Submitted by admin on Tue, 01/22/2013 - 14:40
Place, Time, Play: Contemporary Art from the West Heavens to the Middle Kingdom
Chang Tsong-Zung, Chaitanya Sambrani, Chen Yun
Hanart Gallery
Publication Date: 
March, 2012


Place, Time, Play: Contemporary Art from the West Heavens to the Middle Kingdom is a documentation and meditation on the first curatorial exercise by the West Heavens project. Installations, films, photography and performances by Indian and Chinese artists were shown in two non-gallery spaces in the heart of Shanghai between October and December 2010. The exhibition marked the first time contemporary Indian artists engaging Chinese audiences in a conversation through their creations. For Chinese artists and intellectuals, using India as a reference point prompted reflection of and response to the self. The rethinking of “modernity” underlined the curatorial concept and works chosen for the exhibition. It also spelt out the intention of the West Heavens project, to empower the art circles of India and China with new methodologies where creativity takes centre stage, so they can bypass exhibition platforms and ideology established and mediated by the West.

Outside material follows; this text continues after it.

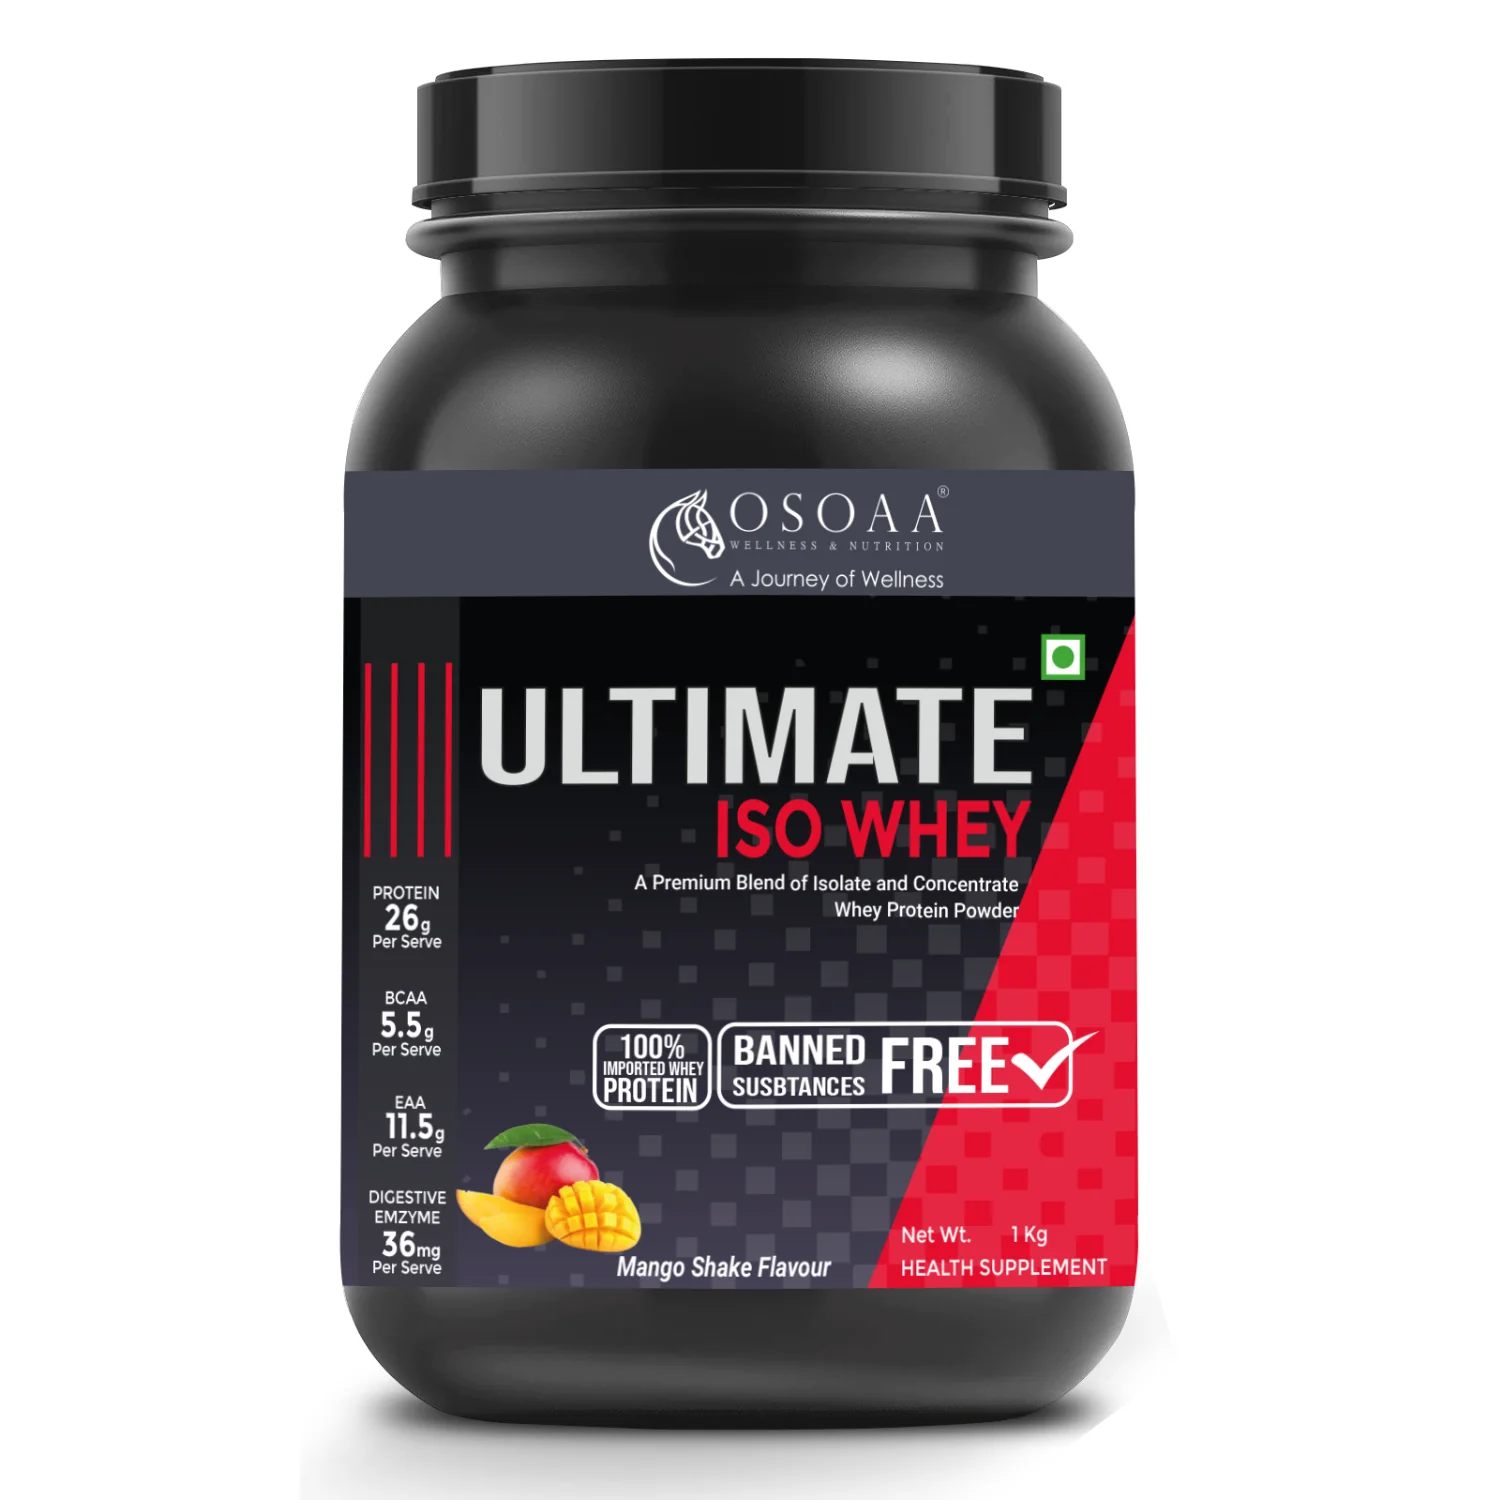 OSOAA Whey Ultimate Iso Whey | 26g Prote...

The catalogue is a lively record of the curatorial process: from the first conversation between artists, curators and academics from India and China in March 2010, to the observations, discussions and diaries of Indian artists in China during April, as well as the development of concepts and their realisation in the months following. The whole process was carefully documented and presented through in-depth interviews and essays that amount to over 100,000 words. The ambience of the exhibition and the unconventional display space (a former colonial British church and dormitory, and the lobby of a commercial property in People’s Square) were captured for the book by the Shanghai-based German photographer Thomas Fuesser and Chinese photographer Mao Xingyu. The essays by the Indian curator Chaitanya Sambrani and the West Heavens project director Chang Tsong-zung reflected on the curatorial experience, where contemporary art acted as the starting point and the media with which to examine the different paths of modernity India and China took.

The publication is an indispensable compendium that documents the creativity of contemporary theory and visual art from India, at the same time, it reflects on the reality of contemporary Chinese art. It surely will serve as a useful reference and inspire practitioners in different fields of art and culture.